-- THE PROBLEM --
Restate word for word each line from the one containing "Paar hochfeine Diamant-Ohrringe" through the end of the material, and nothing more. Drop every picture.

-- SUPPLIED DATA --
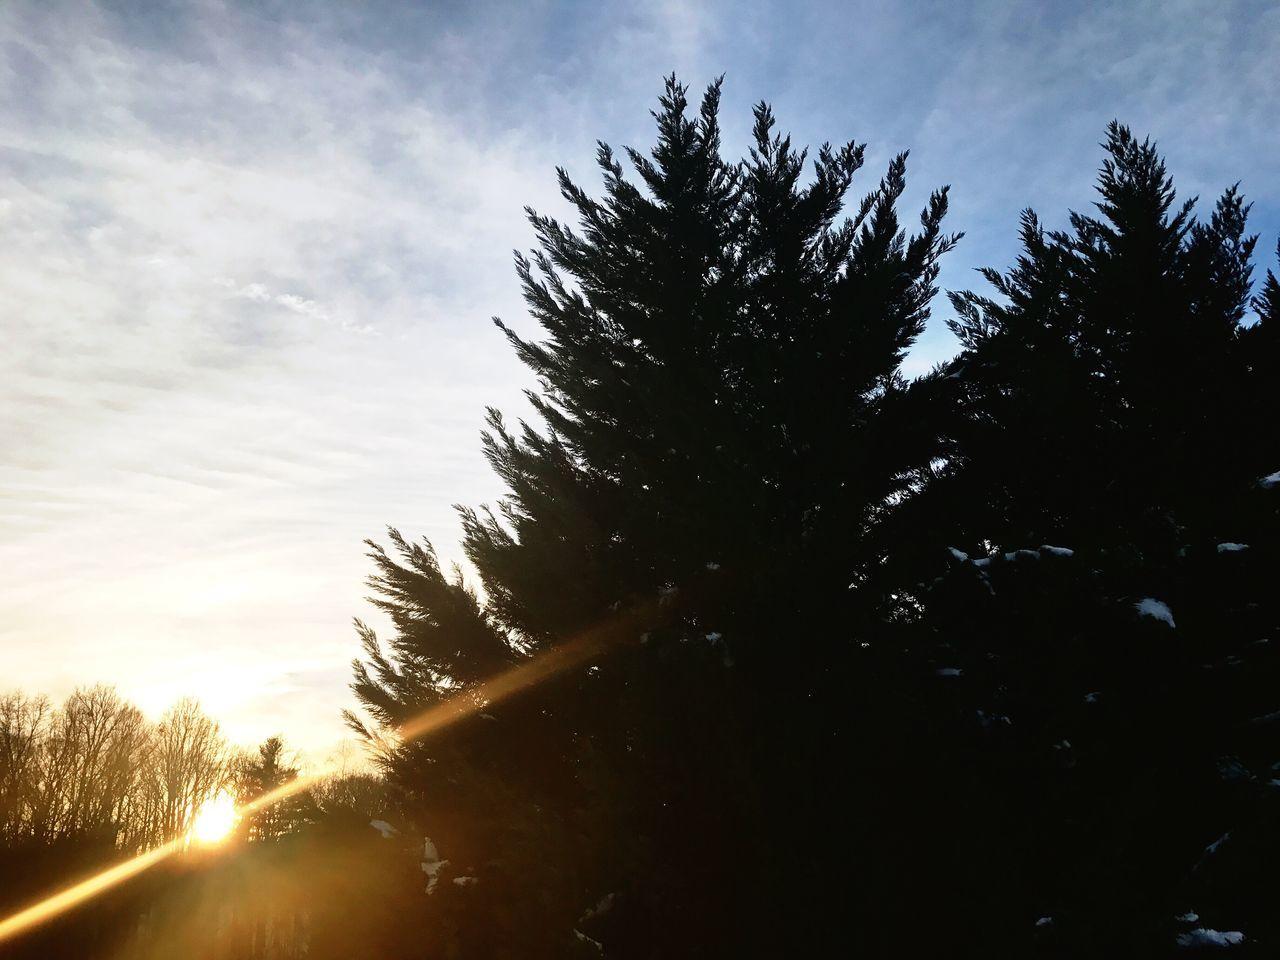 Dawsonville, GA. United States. Nature Trees Sun Sunset Sun Glare Sky Day Outside EyeEmNewHere Treescollection Trees And Nature Trees And Sky Sky And Trees Sky_collection Sunsetlover Sunset_collection Sun_collection, Sky_collection, Cloudporn, Skyporn Treescape
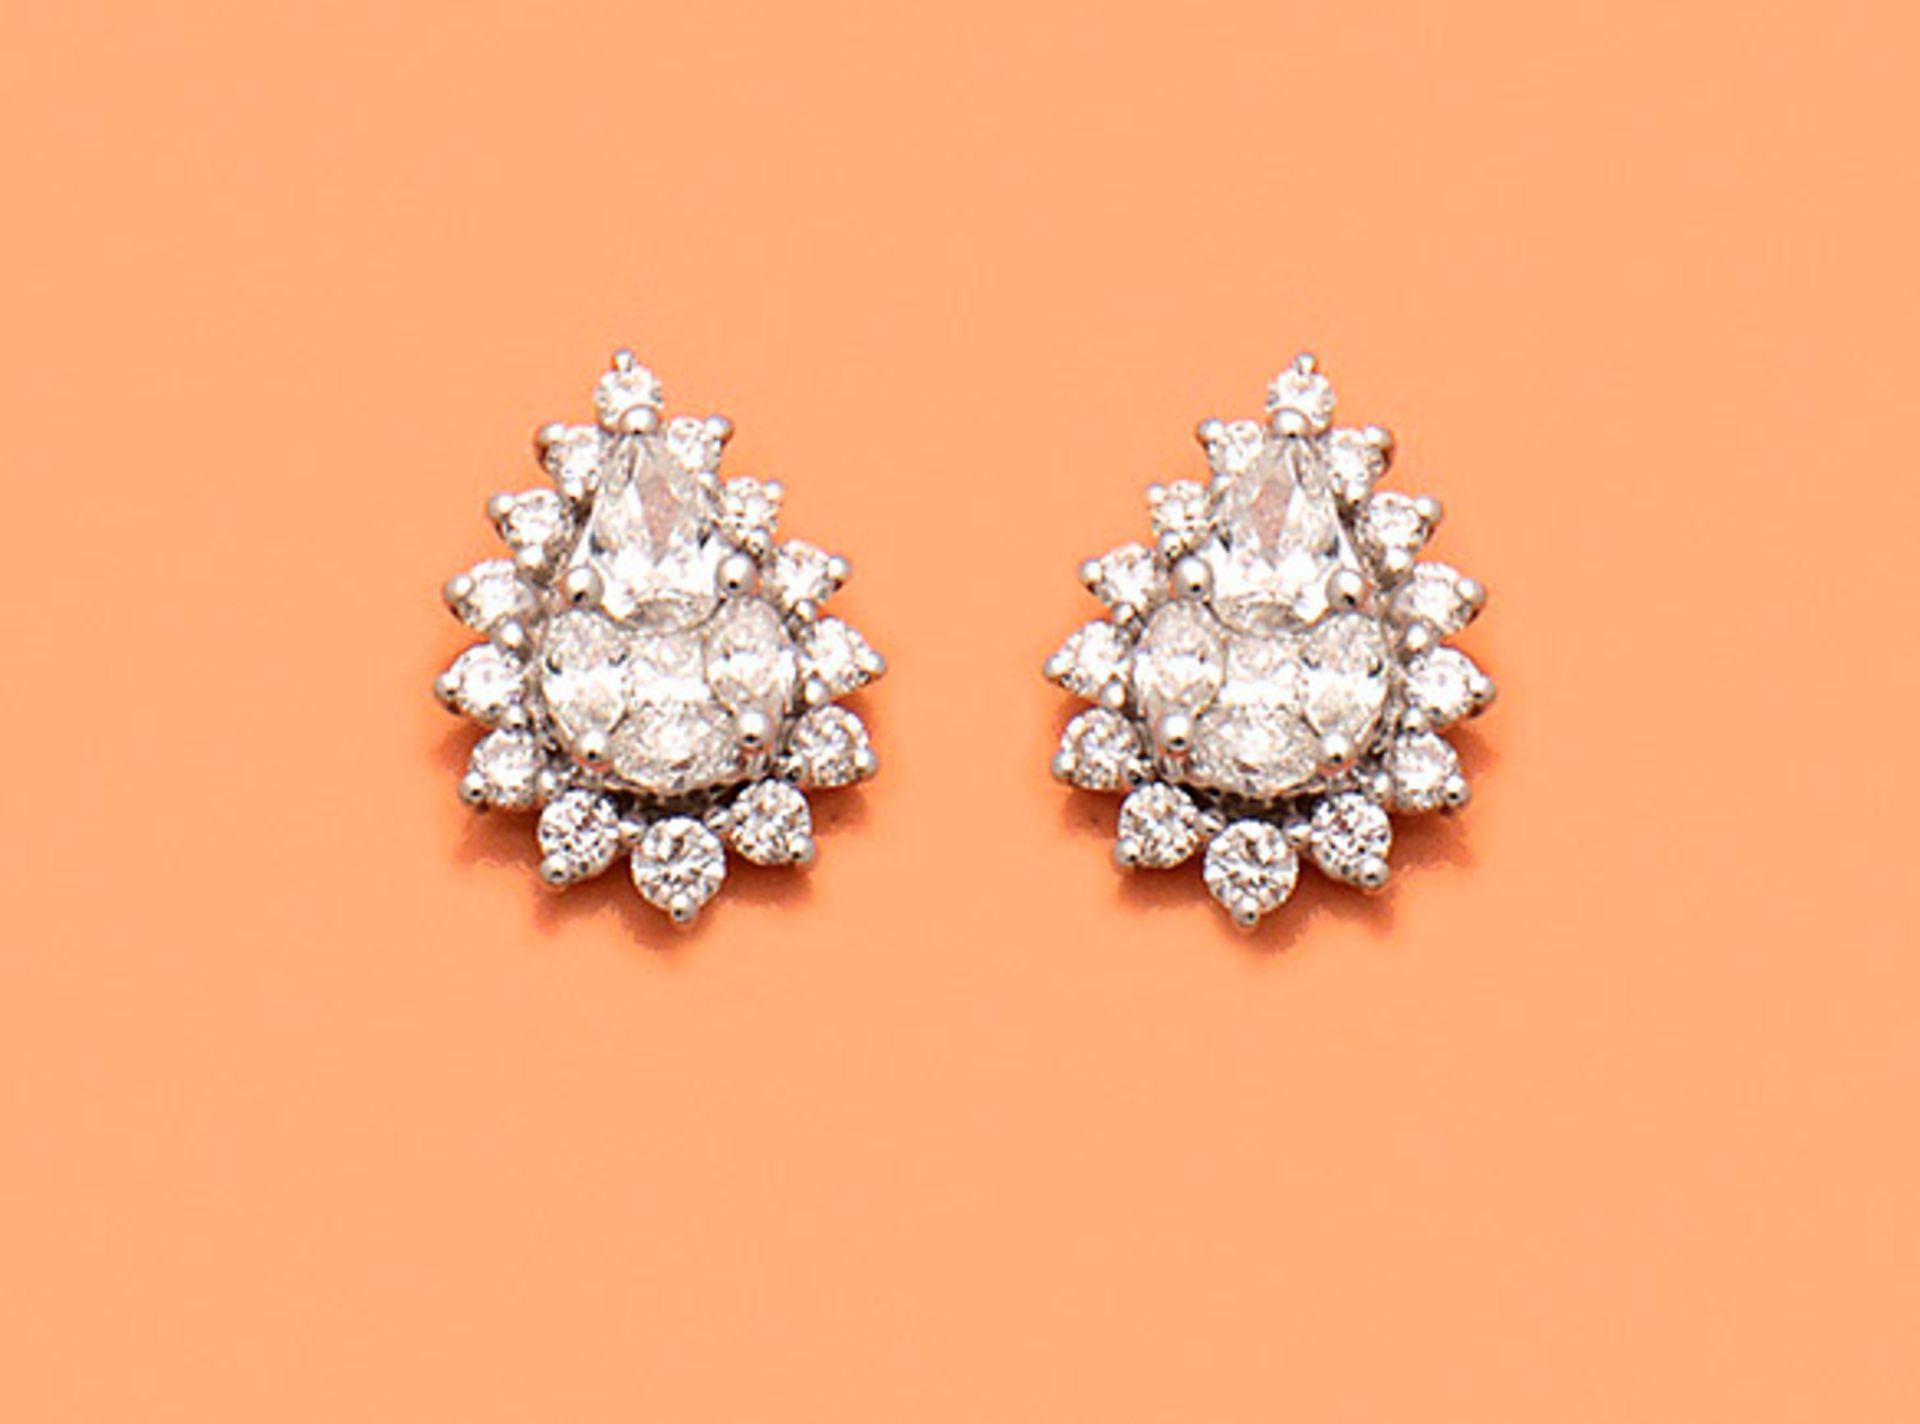 Paar hochfeine Diamant-Ohrringe
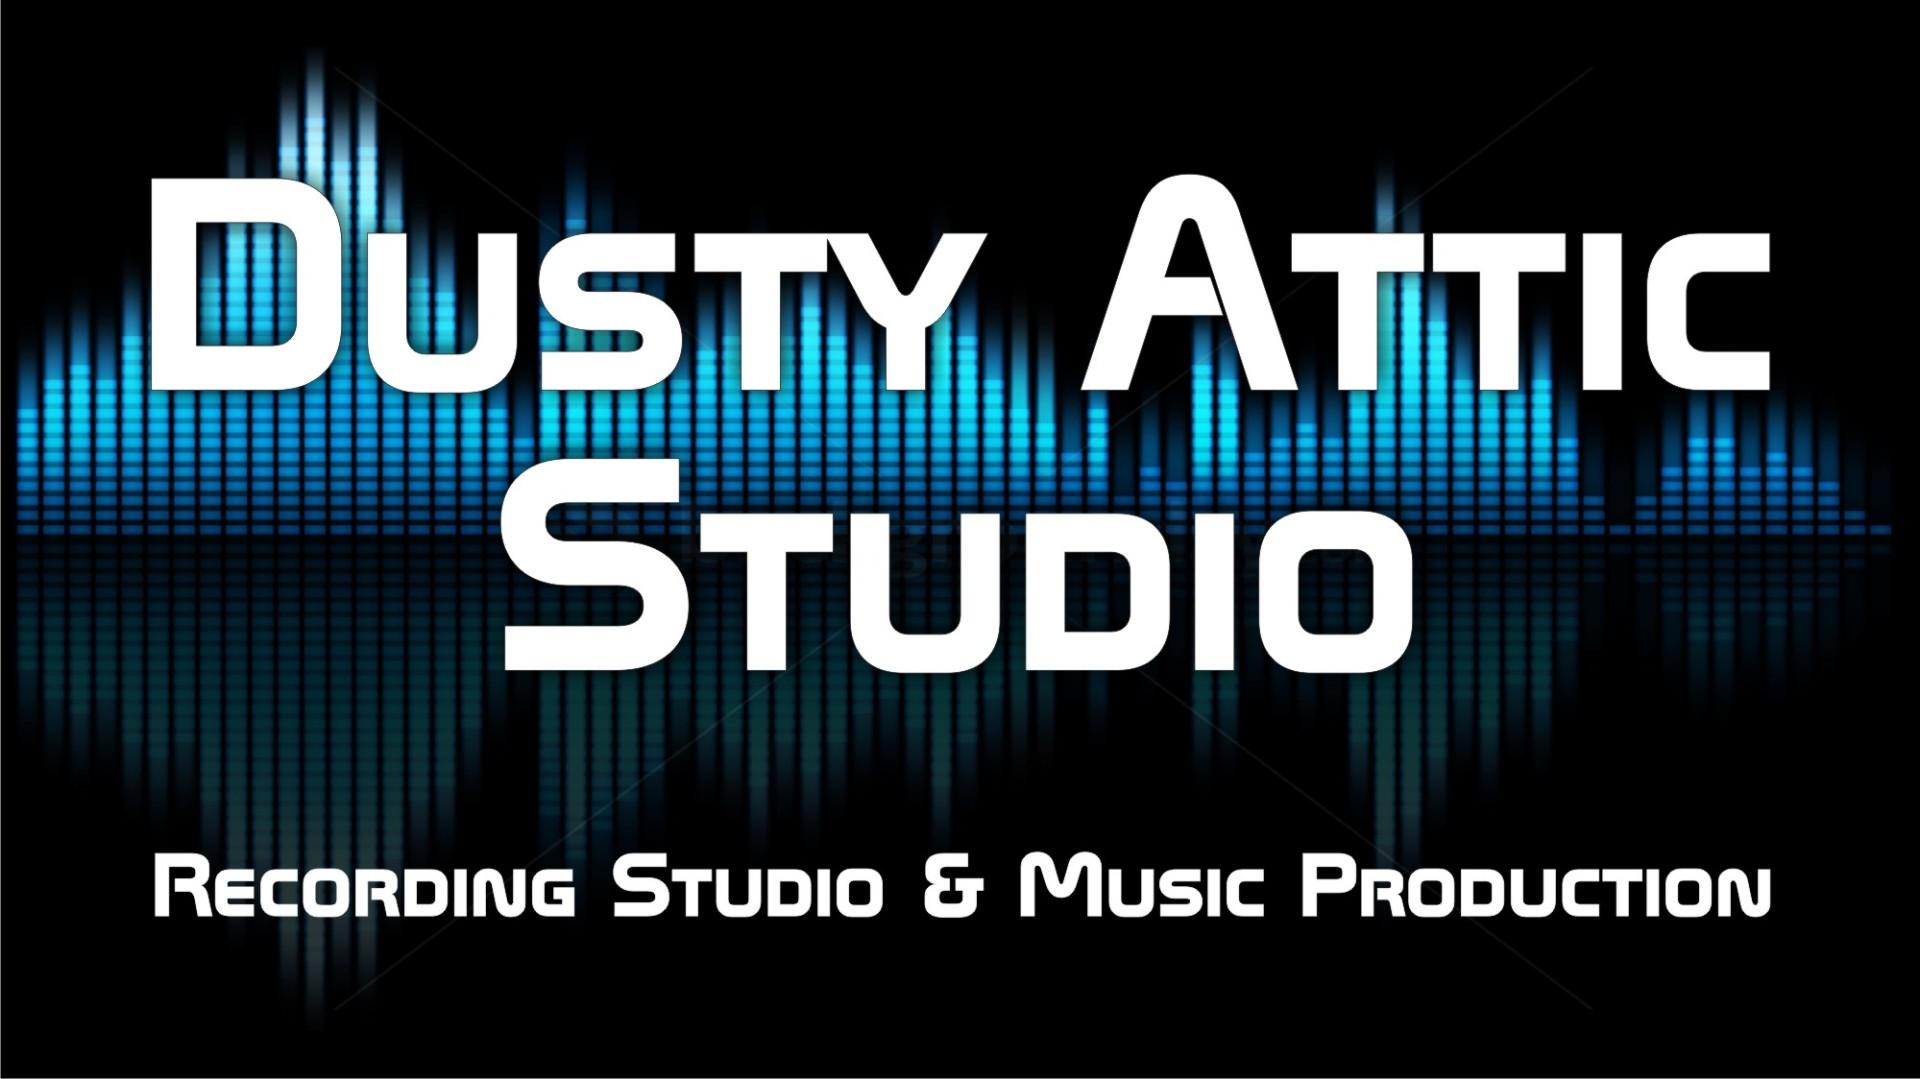 Dusty Attic Studio

-- PROBLEM SOLUTION --
 Paar hochfeine Diamant-Ohrringe
 Dusty Attic Studio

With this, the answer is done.